Сусанна тогда спросила у нее:
— А глупости могут быть правдой?
— Только он знает правду, и не нам судить, — ласково поправила ее Фира, — а мы должны держаться друг за друга и все.
Лишившись всего прежнего, Майер радовался их почти студенческой неустроенности, урокам иврита, дешевой временной мебели в съемной квартире для переселенцев в панельном, словно сложенном из вафель пятиэтажном доме. Он почувствовал себя совсем молодым, да и Фира сбросила вместе с килограммами лет двадцать от этого ветра, несущего белый песок, зноя, кремовых сумерек, играющих отражением стен, ее взбодрили позабытые в юных годах хлопоты: она вдохновенно покупала новые тарелки с ярким узором, полотенца с вышивкой, тканевые пестрые коврики в коридор и на кухню, отодвинув от себя навсегда те времена, когда в их жизнь ворвалась ледяная Васса, погрузив ее в самое тяжкое из мыслимых испытаний — жизнь во лжи.

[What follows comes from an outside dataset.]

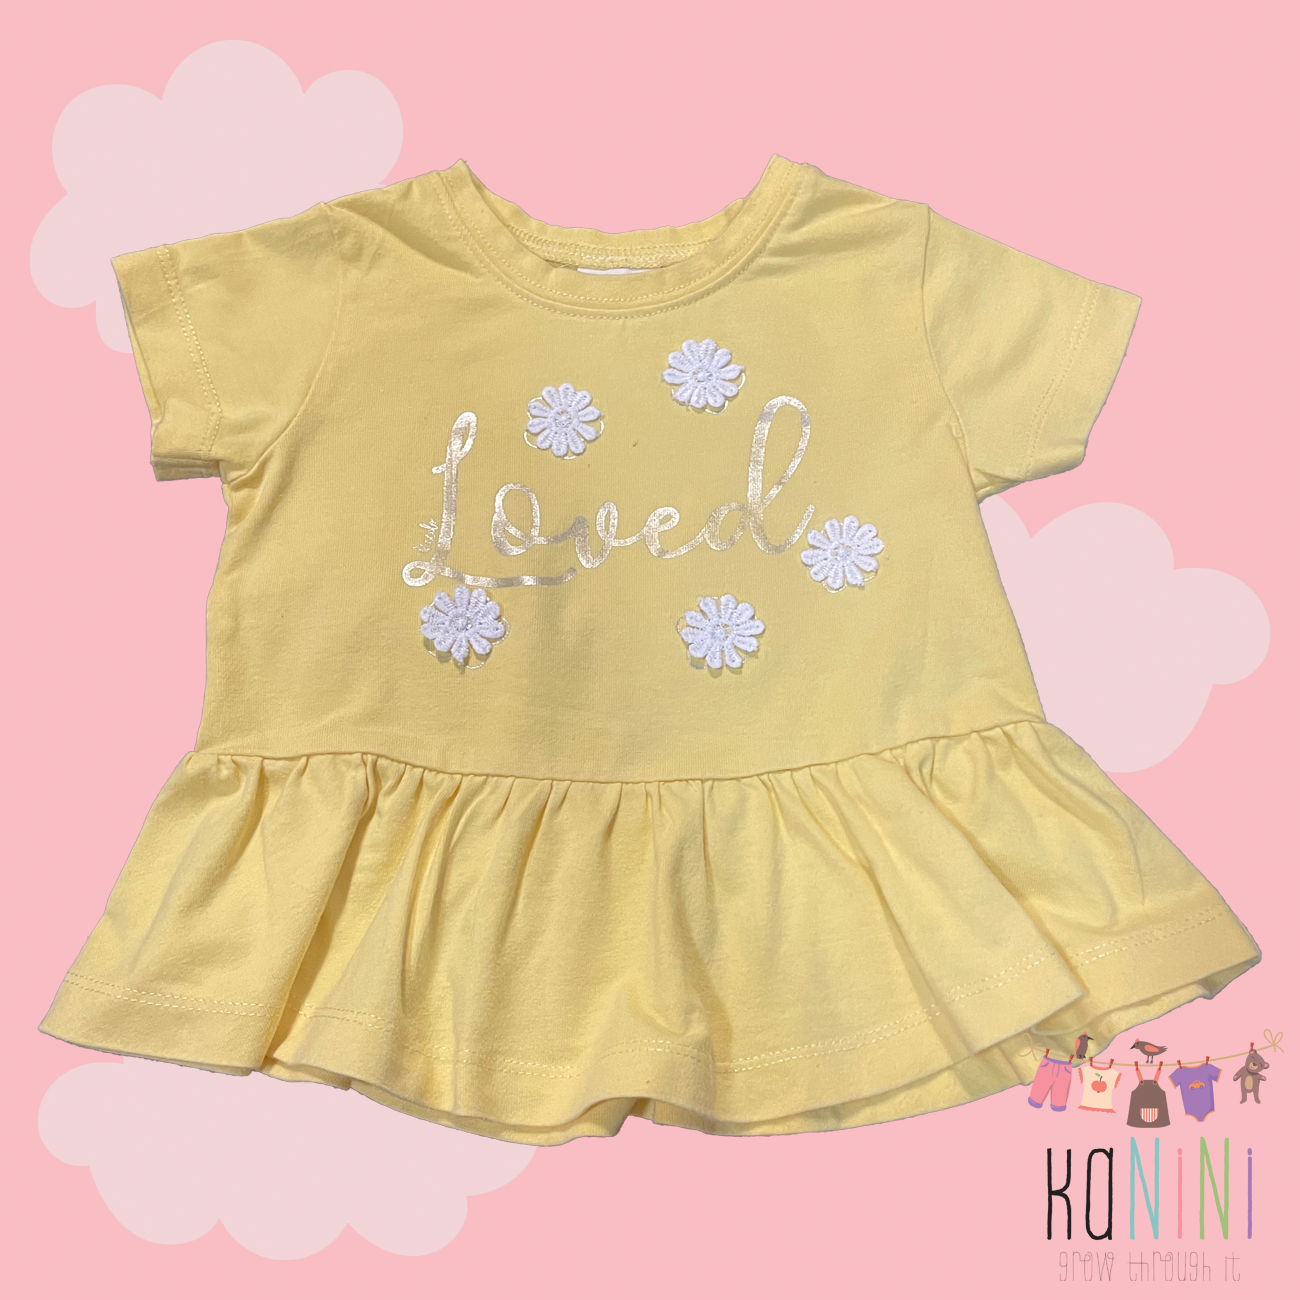 Featured image for “Keedo 6 - 12 Months Girls Yellow Top”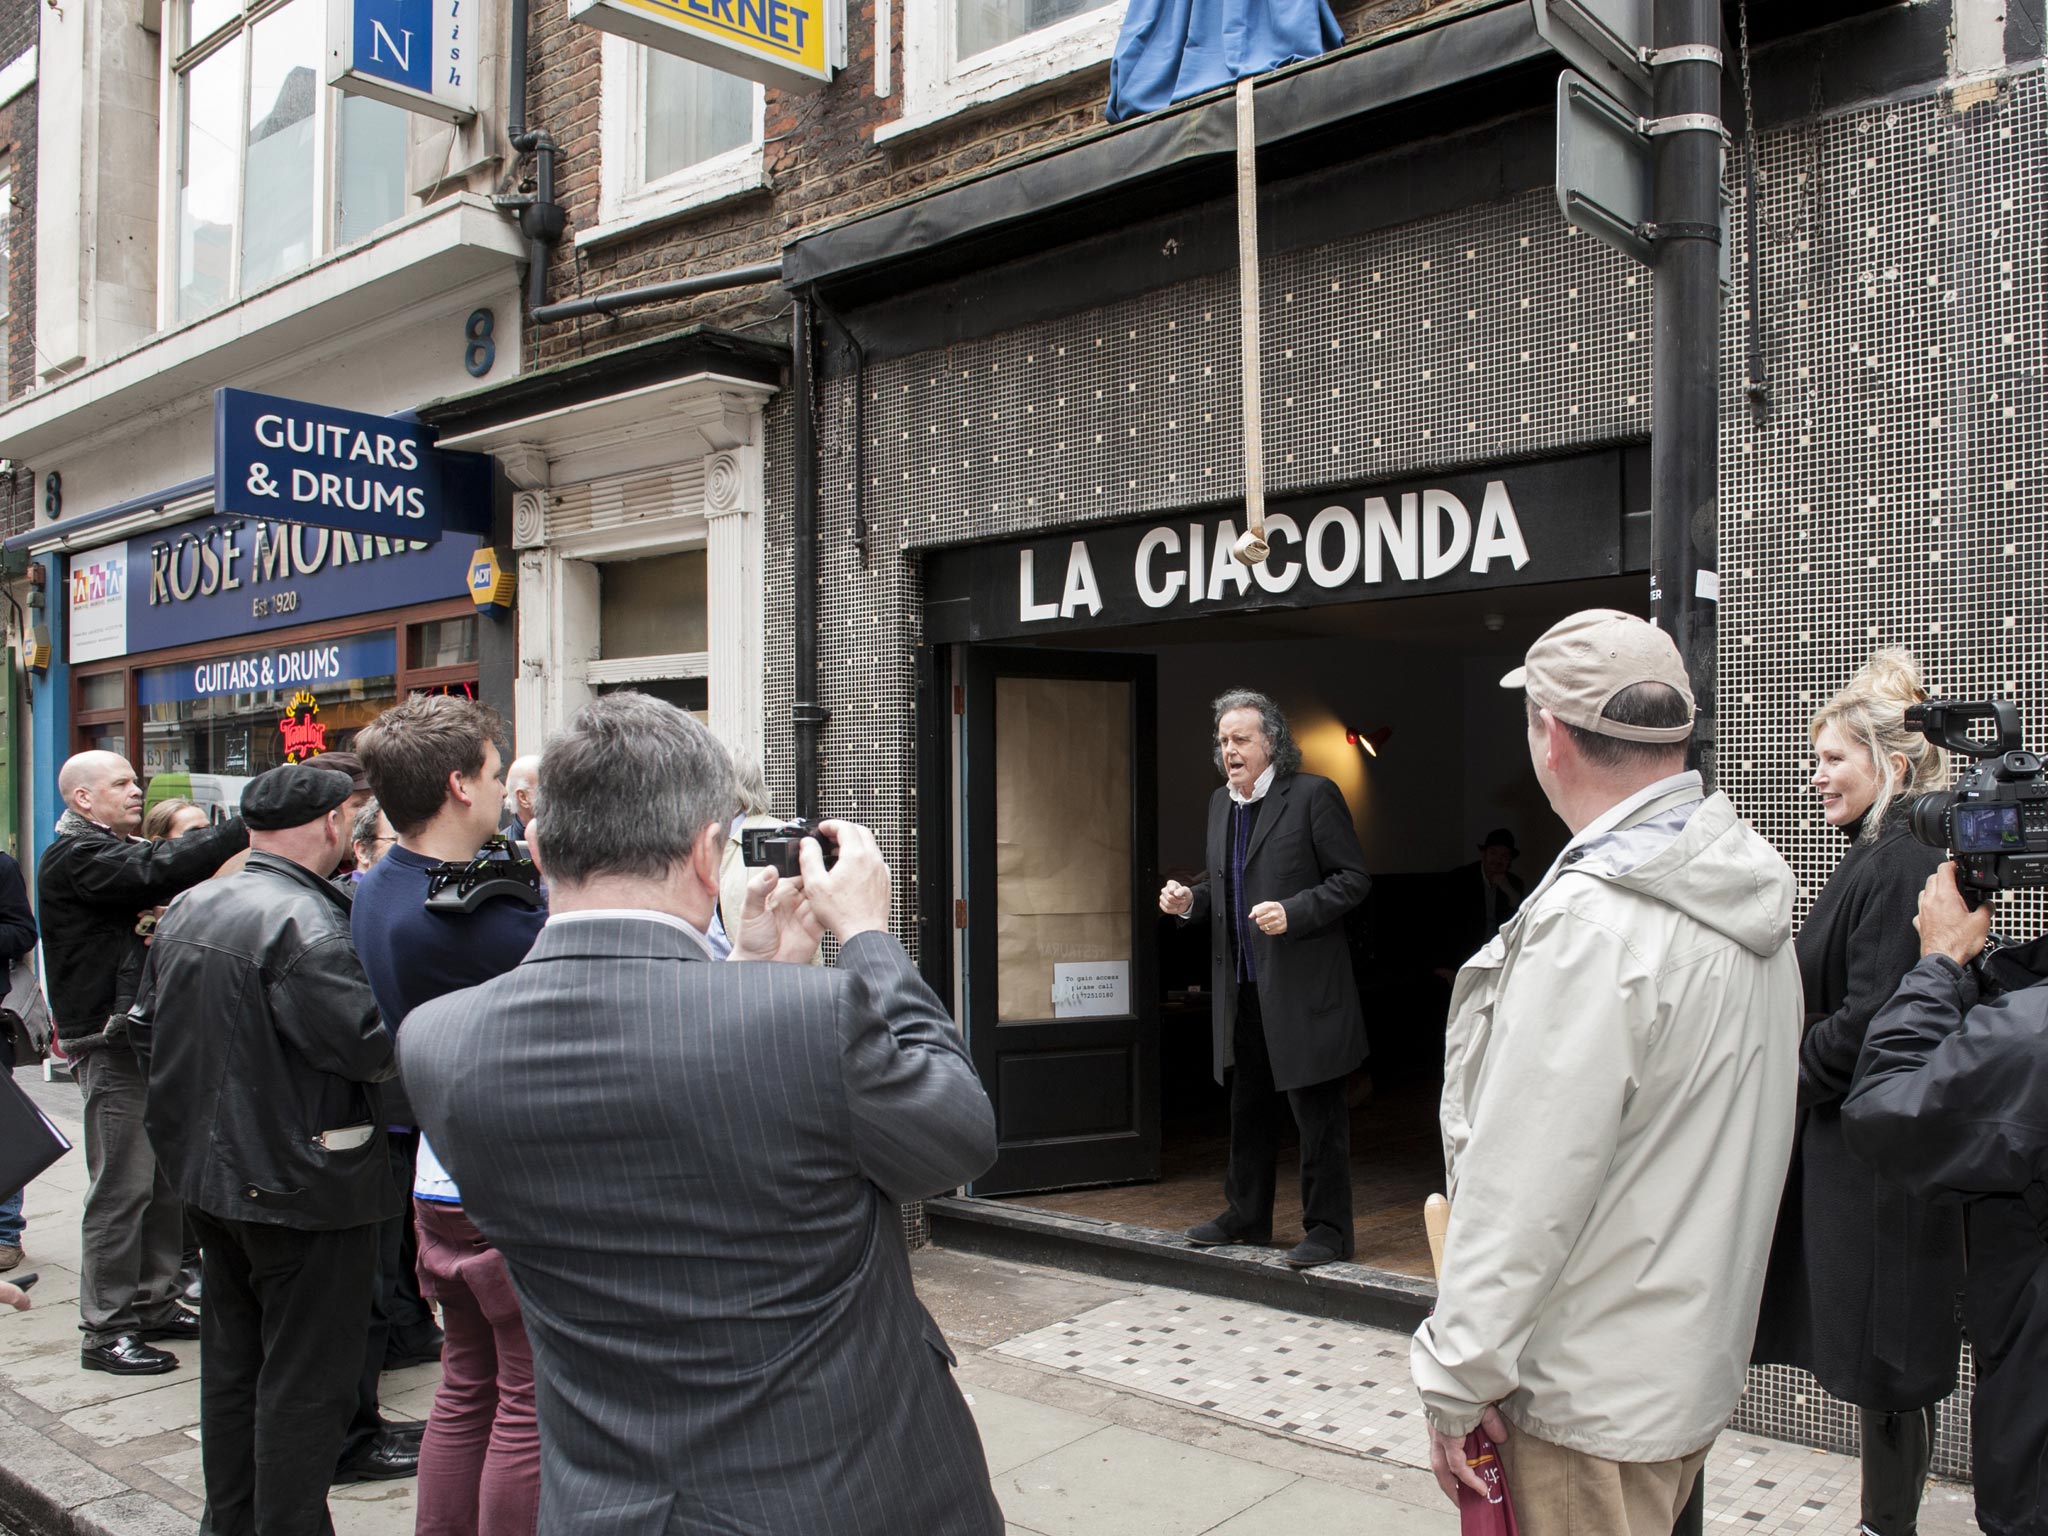 Donovan performs his new song, “Tin Pan Alley”, yesterday in Denmark Street, London, where a blue plaque was unveiled

В первые годы Майер и один, и с девочками много гулял по Иерусалиму даже в отчаянную жару, пытаясь разглядеть в колеблющемся воздухе, шумно поднимающем вверх свои пыльные струи, невидимые, обычно зыбкие линии и очертания. Он силился увидеть второй контур, почувствовать вкус событий, которые давно миновали, он рылся в прошедшем времени, как патологоанатом, пытаясь отчленить и взвесить почки, селезенку, сердце, чтобы докопаться до правды — умерло оно, это время, или бессмертно. Он заходил в фалафельные, с наслаждением уплетал душистые жаренные в масле гороховые шарики, в шаурменных — раскаленное мясо с крупными кольцами белого лука, он посетил все без исключения закопченные нисуды Старого города, довольствуясь в обычной жизни крайне скромным рационом, он пил гранатовый сок, что давили арабы грязными руками прямо на пыльных улицах, ища ответы и прививая себе этот мир как новый зеленый побег, как высший сорт плода, плода воображения, чувства, новую жизненную ветку.
И привитое приросло.
Однажды во время будничной прогулки на заходе солнца Майер увидел Христа. Он с дочерьми поднимался на Храмовую гору, мимо Стены Плача, где, как всегда, исступленно молились евреи. Закатное солнце подкрашивало панораму то в синеватые, то в розоватые тона, множество стенаний и бормотаний сливались в единый молитвенный поток, который, завиваясь золотым кренделем, поднимался к небесам.
Вдруг на западном склоне появились два молодых человека, худощавых, в коротких холщовых полосатых штанишках и ярких шапочках. Один из них нес пластиковый белый стол, а другой два таких маленьких, словно детских стульчика.
Они громко говорили по-арабски, жестикулировали, показывали в сторону мечети Аль-Акса, казавшейся в закатных лучах рубиново-красной. Внезапно они остановились прямо посреди дороги, заставив толпу обходить их с разных сторон, поставили стол и стулья на землю, достали из заплечных мешков два банных полотенца, желтых с красной и синей каймой, и принялись старательно стелить их вместо скатерти на пластиковый облезлый стол. Поверх положили еду, ничего предосудительного — пару красных яблок, медного цвета луковицу, несколько головок молодого чеснока, алые помидоры, полголовы овечьего сыра, кукурузные лепешки.